Biden’s Failure in PR Legal Case Heightens Statehood Issue



Imagine you are one of the 8 million Americans who qualify for SSI benefits — supplemental security income that provides relief to those with limited resources, income, or a disability. You’ve worked hard your entire life, and now, through no fault of your own, you cannot meet even your basic needs to stay afloat. For millions of Americans, that’s their everyday reality. Programs like SSI provide a modest cash boost to the nation’s most vulnerable families: those caring for the almost 1.2 million children with disabilities, and the elderly. If ever a population defined the need for a social safety net, it would be SSI recipients. Thankfully, the program exists and, however modest, the monthly support makes a difference. 

Unless you live in Puerto Rico. Because of the island’s current territory status, Congress can and does discriminate against these fellow U.S. citizens in multiple ways, like excluding them from SSI benefits. The impact of territorial inequality has been immensely challenging for Puerto Rico in recent years, particularly when faced with multiple natural disasters including the devastation of Hurricane Maria, the 2020 earthquakes, and most recently the COVID-19 pandemic. 
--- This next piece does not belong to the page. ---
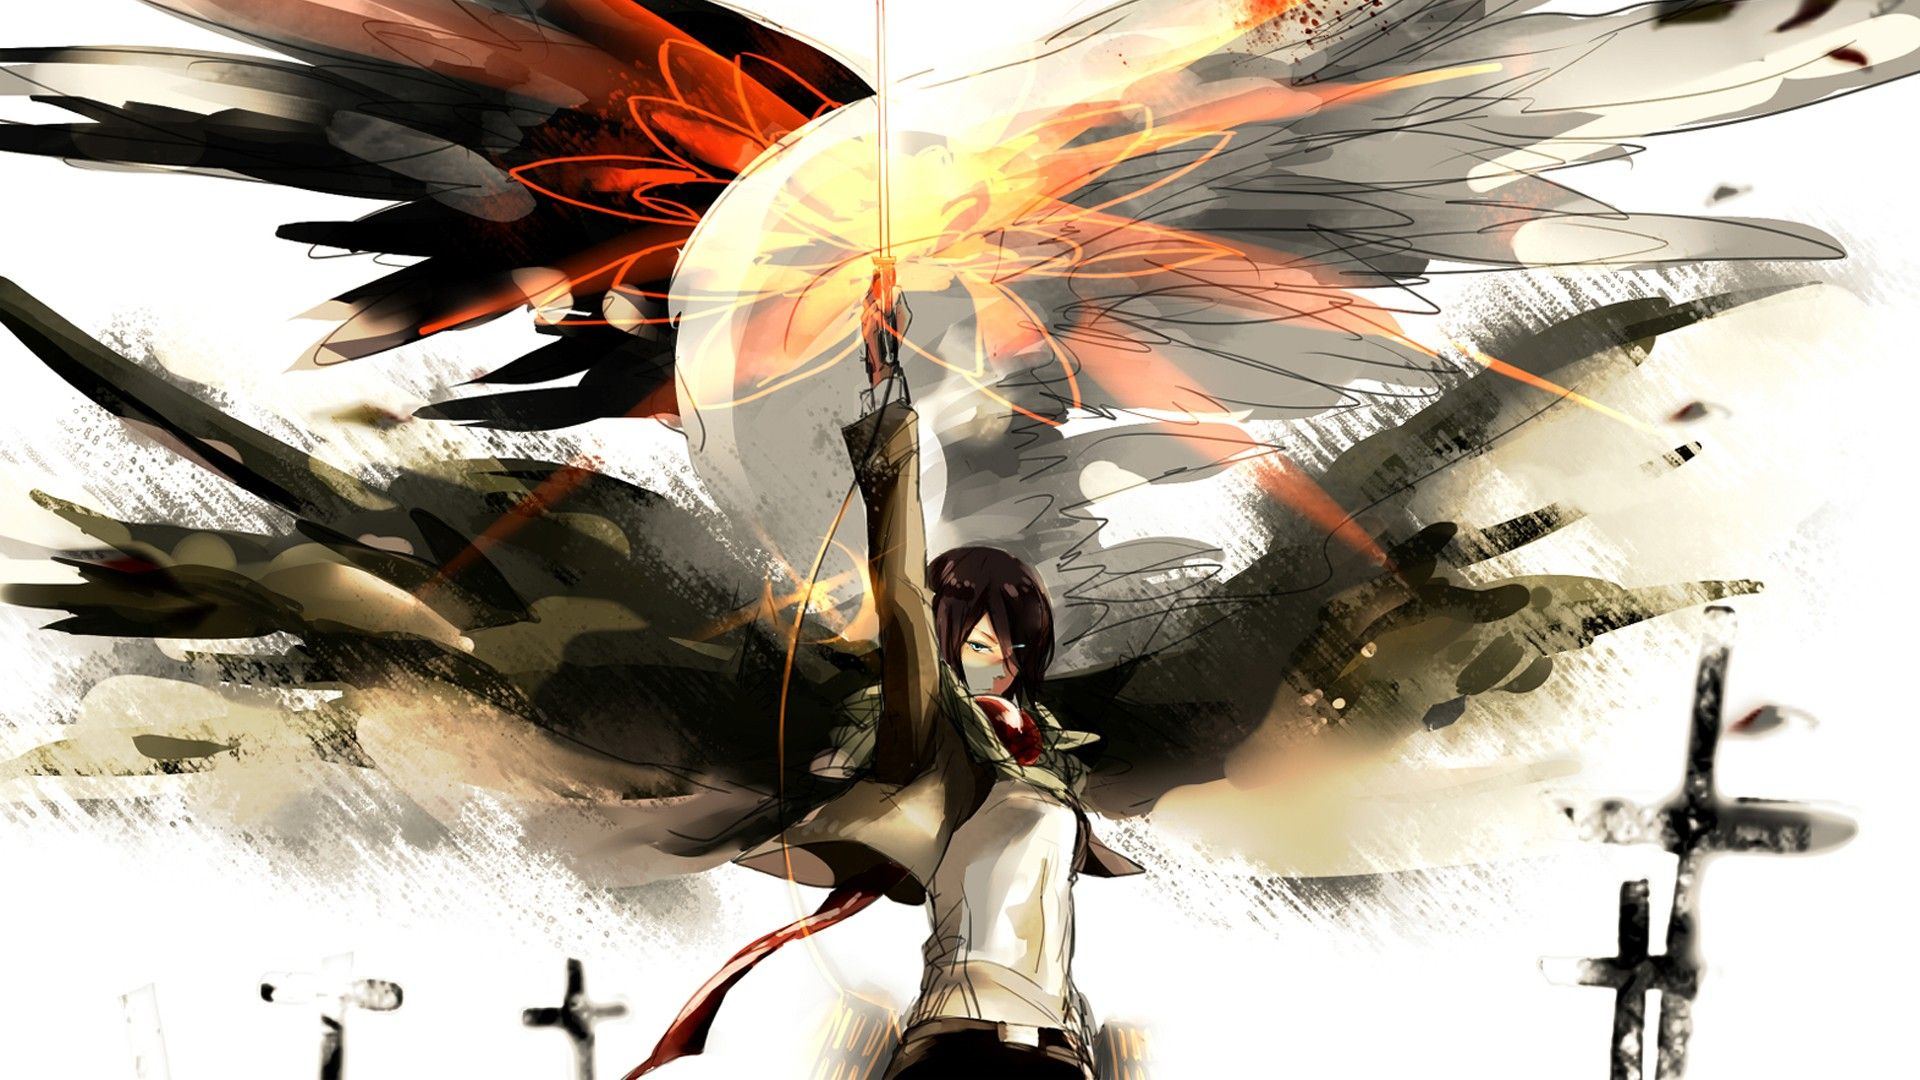 Anime Attack On Titan Wallpaper Attack On Titan Anime Cool Anime Wallpapers Anime Wallpaper

Yet, the frustration many Puerto Ricans feel toward the federal government goes beyond immediate responses to natural disasters. The long-term lack of equality under federal laws and programs, including SSI benefits, represents the abject failure of the federal government to listen to and respect the will of the majority of voters in Puerto Rico. In 2012, 2017, and again in 2020, voters on the island rejected territorial inequality, favoring statehood above all the other non-territory options at the polls. 

Statehood for Puerto Rico would provide 3.2 million U.S. citizens equal treatment under federal laws and programs, which would not just help with immediate disaster recovery but with long-term social needs like those supported by SSI benefits. Statehood would empower Puerto Rico to make significant economic progress by eliminating the uncertainty of the undefined and undemocratic territory status, which would attract investment. It would also provide equal voting rights and representation in the U.S. Congress, which makes the federal laws Puerto Ricans live under, as well as a vote for president, which they are currently denied. As full partners, Puerto Ricans would also share responsibility for the Union’s obligations by paying federal income tax, the only tax not fully applicable to local residents. 

Thankfully, there is reason to hope that the century-long nightmare of Puerto Rico territorial inequality is finally coming to an end. During last year’s campaign, then-candidate Joe Biden made it clear that he personally supports statehood for Puerto Rico, and that the federal government should respect the will of local voters. Then, on the same day as the 2020 general election, a clear majority of voters in Puerto Rico said “YES” to statehood and the citizen equality that comes with it. And recently, Florida Sens. Rick Scott, who is chair of the National Republican Senatorial Committee, and Marco Rubio reasserted their support for statehood, showing that this issue has bipartisan support. 

While Congress continues to debate proposed legislation to permanently end Puerto Rico’s territorial inequality and establish a path to statehood, the Biden administration was recently given an opportunity to make immediate progress toward equality for Puerto Rico in the U.S. Supreme Court case of United States v. Vaello-Madero. The case addresses whether a provision in the Social Security Act that declines to provide Puerto Rico residents with SSI violates the Constitution’s equal protection clause. 

Yet, in a baffling move, President Biden failed to show with actions what he promised with his words and allowed the Department of Justice to defend the right of the federal government to continue discriminating against the U.S. citizens of Puerto Rico. Biden’s statement that such discrimination is “inconsistent with my administration’s policies and values,” and that “there can be no second-class citizens in the United States of America,” while simultaneously failing to direct the DOJ to act on his supposed values and policies shows that either he failed to exercise true leadership within his own administration on this issue, or his values and policies are meaningless for the U.S. citizens of Puerto Rico. 

It remains to be seen what the Supreme Court will decide in this SSI case, and whether Congress addresses this specific aspect of territorial inequality. But, if President Biden still wants to show that he is a man of his word, then he must take action by supporting legislation to permanently end territorial discrimination and second-class citizenship for the people of Puerto Rico through statehood. It’s time for all American citizens to get the help they deserve and it is time for the Biden administration to uphold its promises to the people of Puerto Rico. 

Jose Fuentes is the former attorney general of Puerto Rico and is chairman of the Puerto Rico Statehood Council.